For ICI induced toxicities specifically, a retrospective analysis of 102 patients from 2016-2019 showed that 19 patients treated with an ICI developed interstitial lung disease (ILD) (27). The data showed that patients with an extensive smoking history of greater than or equal to 50 pack years are more at risk for developing ILD of any grade with a sensitivity of 63.2% and a specificity 65.2% (27). Furthermore, the study showed that having an Eastern Cooperative Oncology Group (ECOG) level of 2 or more leads to an increased risk of having grade 3 or higher ILD with a sensitivity of 40% and a specificity of 88% (27). More patients in the analysis who developed ILD had a preexisting diagnosis of chronic obstructive pulmonary disease (COPD) than those who developed ILD without preexisting COPD (45% vs 25% respectively) (27). Having these risk factors could lead to an increase in preexisting lung inflammation which may induce greater cytotoxic effects with the addition of ICI therapy.

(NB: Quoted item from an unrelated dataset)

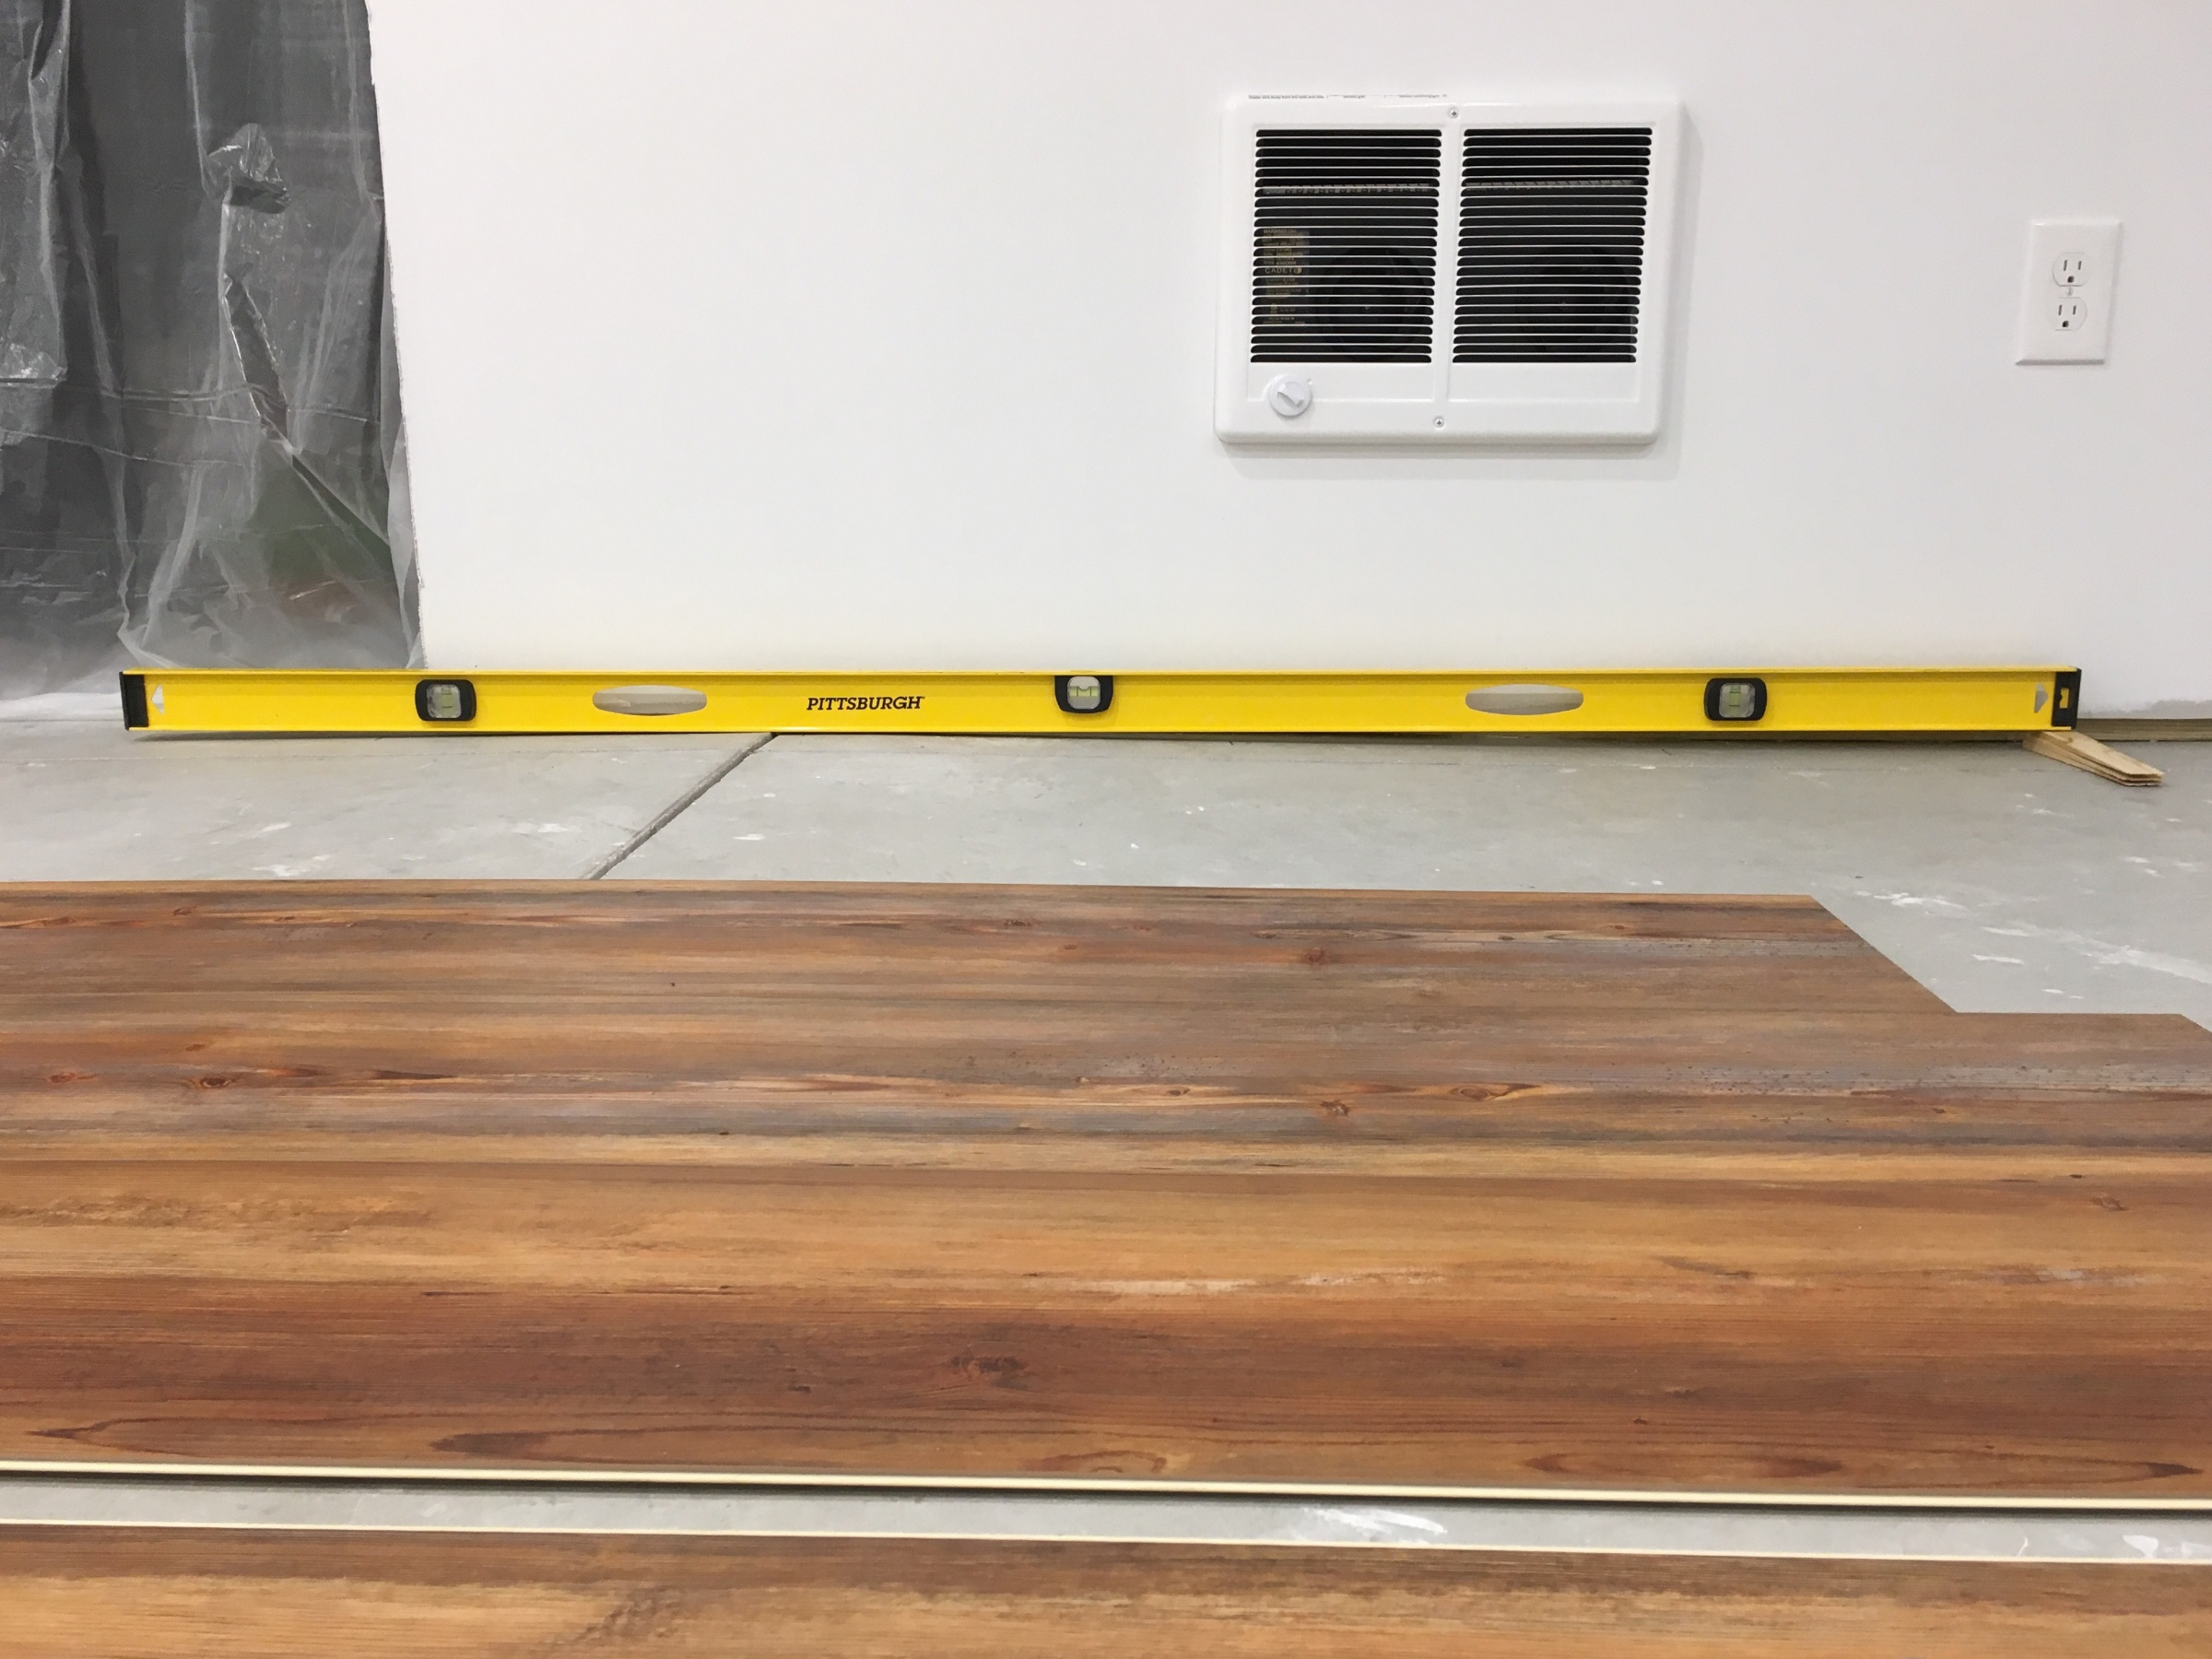 LVP on uneven basement floor?-img_2383.jpg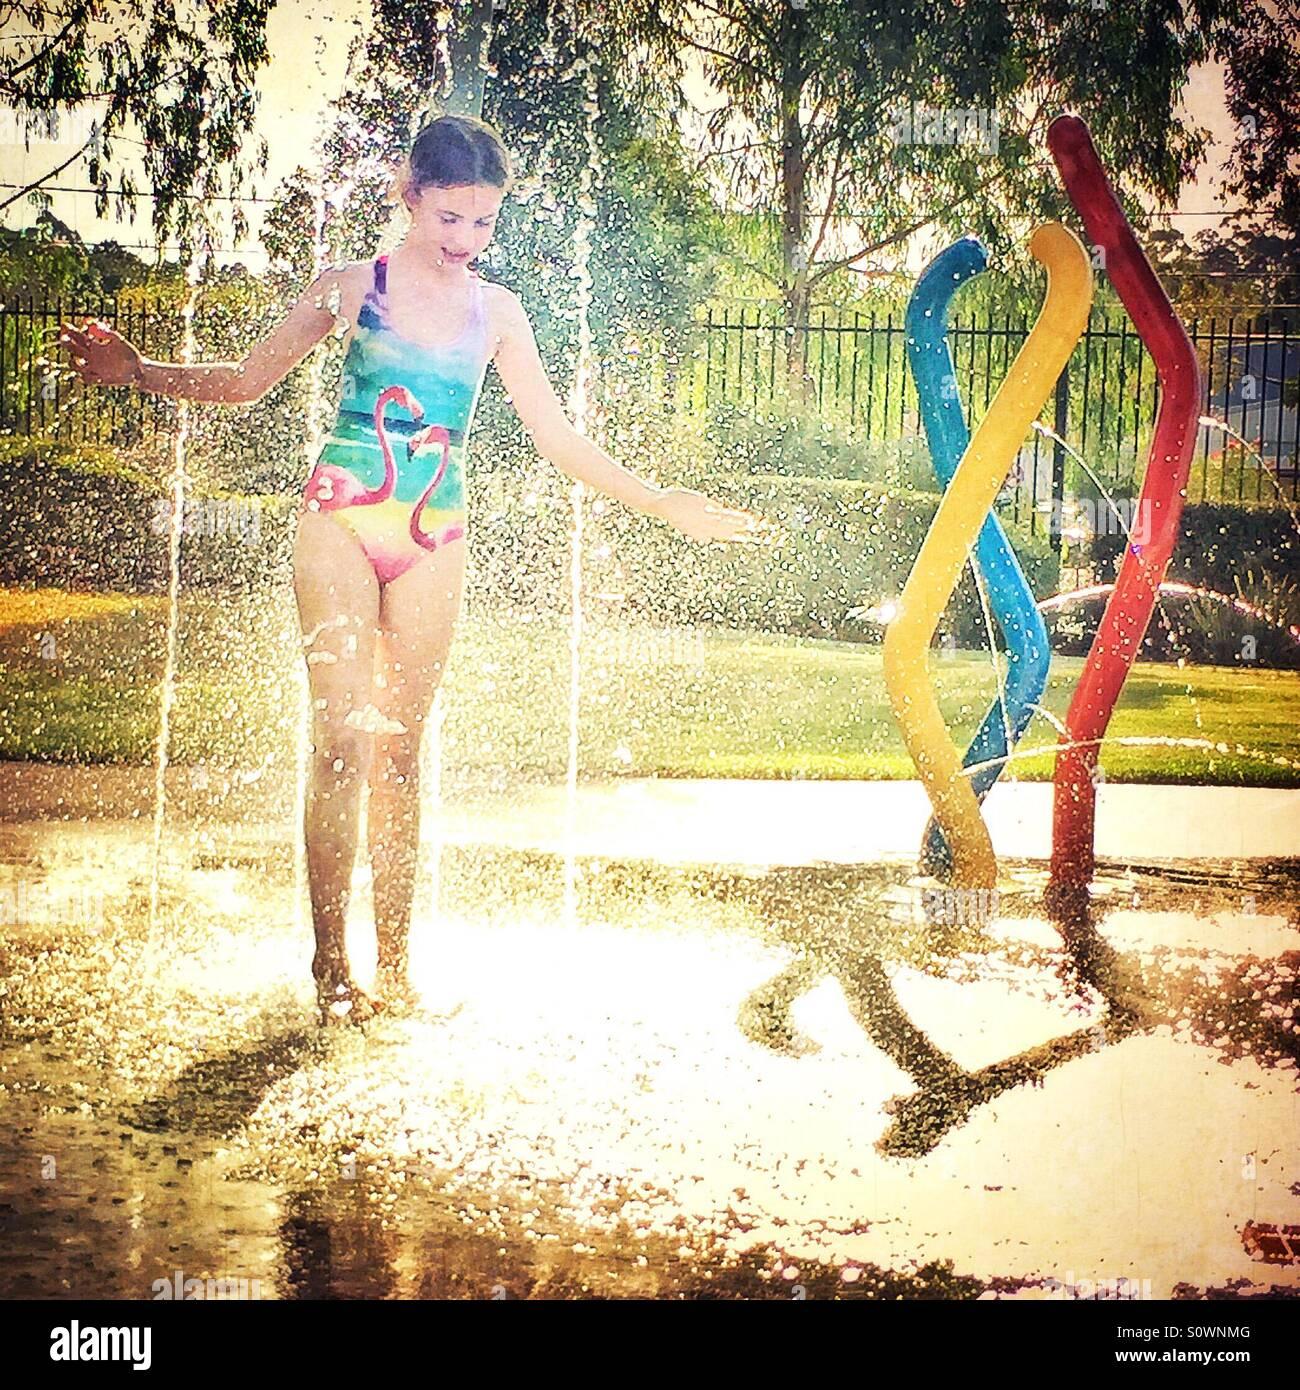 Chica en bañador jugando en la fuente de agua potable en verano Imagen De Stock

Incidence and type of toxicity

Table 1 reports the types of grades 3-4 toxicities reported in current literature for combination therapy. Interstitial lung disease is one of the most common fatal adverse events of NSCLC treatment. A meta-analysis showed that with ICI therapy, 35% of all fatal events from anti PD-1/PD-L1 inhibitors were found to be pulmonary toxicity (43). Overall pulmonary toxicity from PD-L1/PD-1 inhibitors in NSCLC is reported in the literature to be up to 3% for grade 3 or 4 toxicity (44). A meta-analysis for gefitinib, erlotinib, and afatinib showed that while up to 40% of all patients experienced a grade 3 or 4 adverse event while being treated for NSCLC, pneumonitis occurred at a rate of only 1.7% (45). Pneumonitis was also reported as the most frequent cause of a fatal event in 65% of patient deaths (45).

TABLE 1

Table 1 Studies with ICI and TKI treatment with the Timeline, Type, and Incidence of Toxicities Reported.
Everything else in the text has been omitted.